Tout en chantant sur le mode mineur
L’amour vainqueur et la vie opportune
Ils n’ont pas l’air de croire à leur bonheur
Et leur chanson se mêle au clair de lune,
Au calme clair de lune triste et beau,
Qui fait rêver les oiseaux dans les arbres
Et sangloter d’extase les jets d’eau,
Les grands jets d’eau sveltes parmi les marbres.

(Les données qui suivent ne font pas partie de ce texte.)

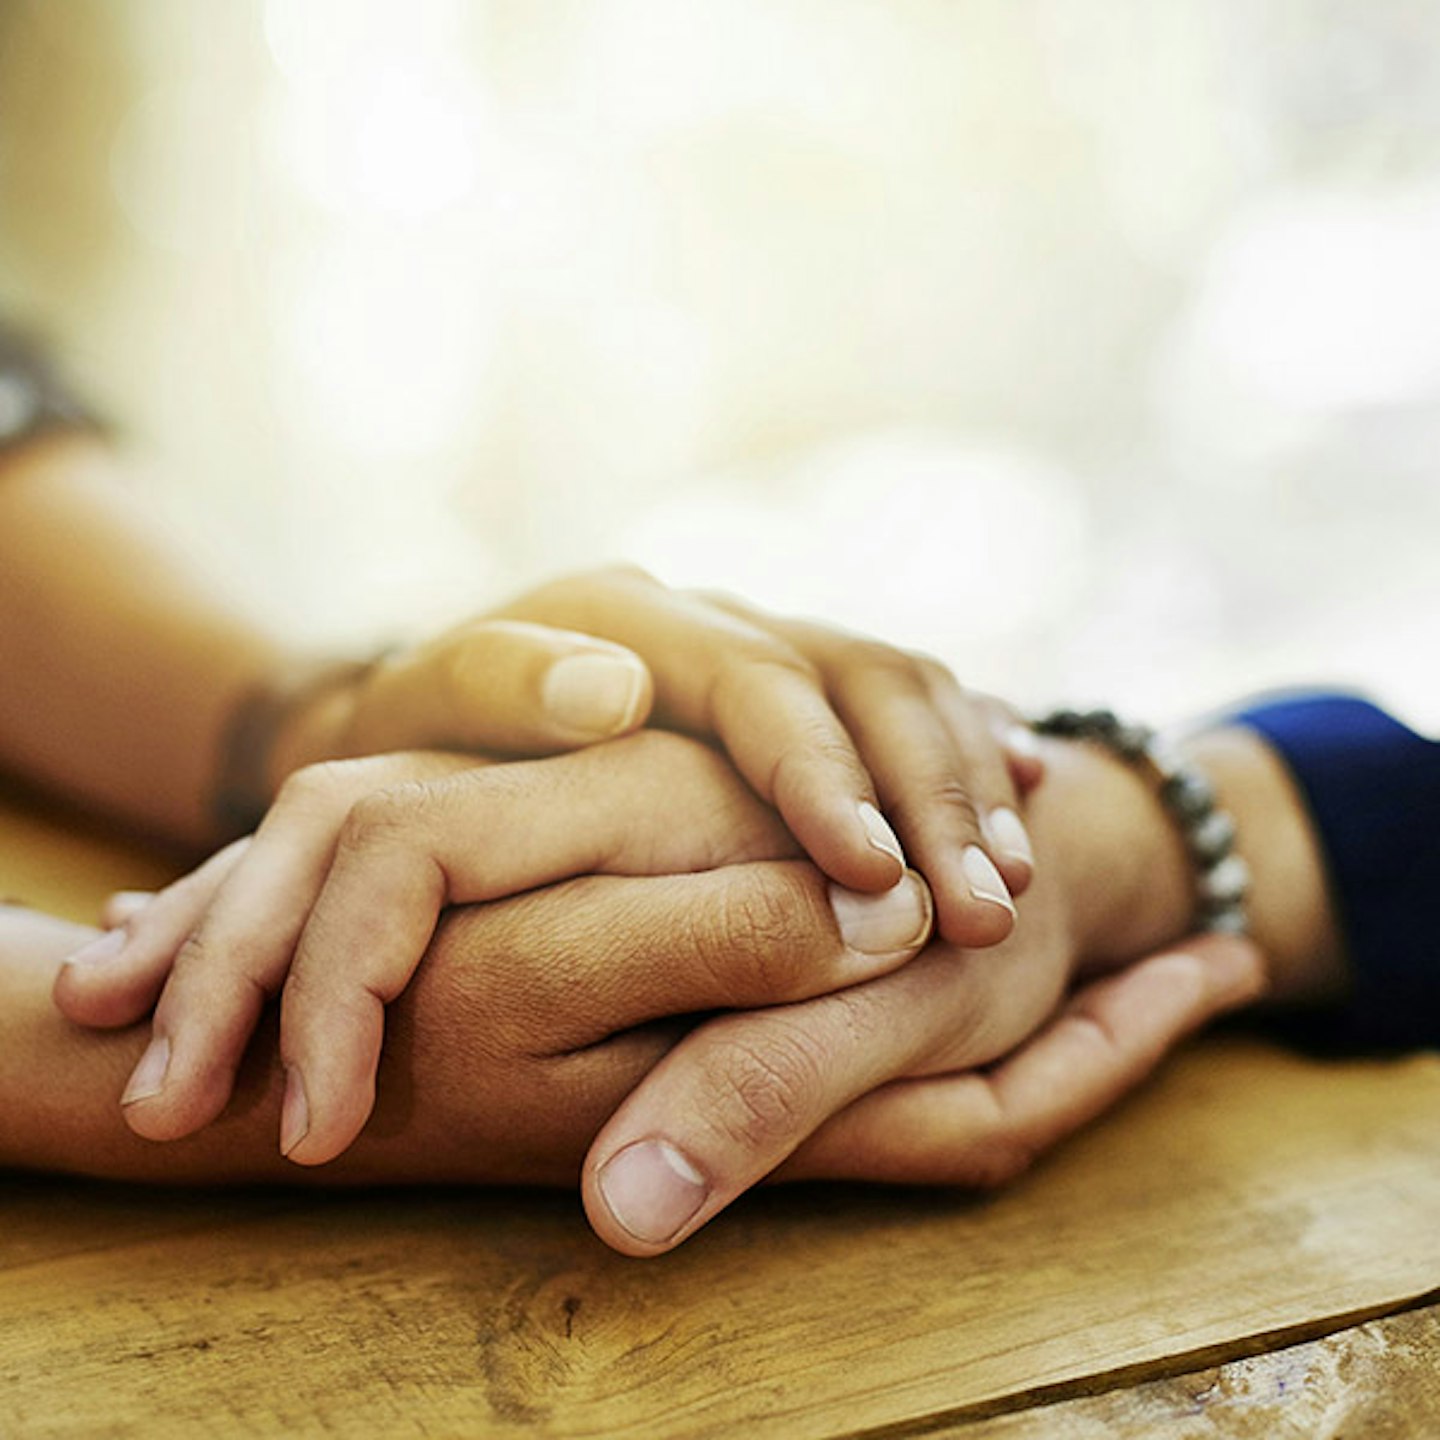 5 ways to support someone grieving

Blanche-Neige | Robert Walser | 1901
Oh, je ne demande plus rien
Qu’être morte en souriant, morte.
Je le suis, l’ai toujours été.
Insensible aux vents chauds de vie,
Je me tais comme tendre neige
S’offrant aux rayons du soleil
Pour qu’il la prenne. Oui, je suis neige
Et l’haleine chaude où je fonds
N’est pas mienne, elle est du printemps.
Doux, le suintement. Terre aimée,
Accueille moi en ta demeure.
Il me fait si mal le soleil. […]
Ah, la pensée que votre haine
Me poursuit ne veut pas céder.
Elle me suit dans mes pensées
Peureuses, et, de ma vie, jamais
Mon esprit ne s’en lavera.
C’est du noir qui colle à mon cœur
Et qui étouffe mon âme
Tout son de joie. Je suis si lasse !
Que ne suis-je image insensible,
Gisante en le cercueil ouvert. […]
Une force pourtant me ramena ici
En pleurs, chez vous, dans ce monde où
Le cœur doit faner et mourir.
Traduction du suisse allemand par Hans Hartje et Claude Mouchard, Librairie Corti
Rochefort 2011
3
Mes propriétés | Henri Michaux | 1935
Emportez-moi dans une caravelle,
Dans une vieille et douce caravelle,
Dans l’étrave, ou si l’on veut, dans l’écume,
Et perdez-moi, au loin, au loin.
Dans l’attelage d’un autre âge.
Dans le velours trompeur de la neige.
Dans l’haleine de quelques chiens réunis.
Dans la troupe exténuée des feuilles mortes.
Emportez-moi sans me briser, dans les baisers,
Dans les poitrines qui se soulèvent et respirent,
Sur le tapis des paumes et leur sourire,
Dans les corridors des os longs, et des articulations.
Emportez-moi, ou plutôt enfouissez-moi.
Chant funèbre | Wystan Hugh Auden | 1938
Arrête toutes les horloges, coupe le téléphone,
Jette un os juteux au chien pour qu’il cesse d’aboyer,
Fais taire les pianos, et avec un tambour étouffé
Sors le cercueil, fais entrer les pleureuses.
Que les avions tournent en gémissant au-dessus de nos têtes
Griffonnant sur le ciel ce message, Il Est Mort.
Noue du crêpe au cou blanc des pigeons,
Gante de noir les mains des agents de police.
C’était mon Nord, mon Sud, mon Est et mon Ouest,
Mon travail, mon repos,
Mon midi, mon minuit, ma parole, mon chant.
Je croyais que l’amour durait pour toujours, j’avais tort.
On ne veut plus d’étoiles désormais ; éteins-les toutes
Emballe la lune et démonte le soleil,
Vide l’océan, arrache la forêt,
Car plus rien maintenant ne vaut la peine.
Rochefort 2011
4
Éclipse d’étoile | Nelly Sachs | 1943
Tu es assise à la fenêtre
Et tombe la neige –
Ta chevelure est blanche
Et tes mains aussi
Mais dans les deux miroirs
De ton blanc visage
L’été s’est maintenu :
Paysage pour les prairies dressées dans l’invisible –
Breuvage pour les gazelles d’ombre dans la nuit
Mais disant ma plainte je plonge dans la blancheur, en ta neige –
D’où la vie s’éloigne très doucement
Comme à la fin d’une prière balbutiée –
Ah, m’endormir en ta neige
Avec toute la souffrance du souffle de feu du monde
Pendant que les courbes délicates de ta tête
Déjà sombrent dans une nuit de mer
Pour une nouvelle naissance
Traduction de l’allemand par Mireille Gansel, Verdier
Trente-trois sonnets écrits au secret | Jean Cassou | 1944
XVII.
Eloignez-vous sur la pointe des pieds.
Prenez la barque et ne revenez plus.
Retournez tous chez vous avec vos fées,
vos ombres étrangères et vos luths.
Bien sûr, pour vous, beaux promeneurs, ce fut
une aventure neuve et enchantée.
Emportez-la comme un bijou volé,
un feu qui tremble encore, un livre lu.
C’est ici la chambre des anges morts.
Laissez-nous seul dans notre vie déserte,
devant ces mains et ces ailes inertes.
Il s’est passé ici depuis l’aurore,
une effrayante histoire, étrange et tendre,
et que le désespoir seul peut comprendre.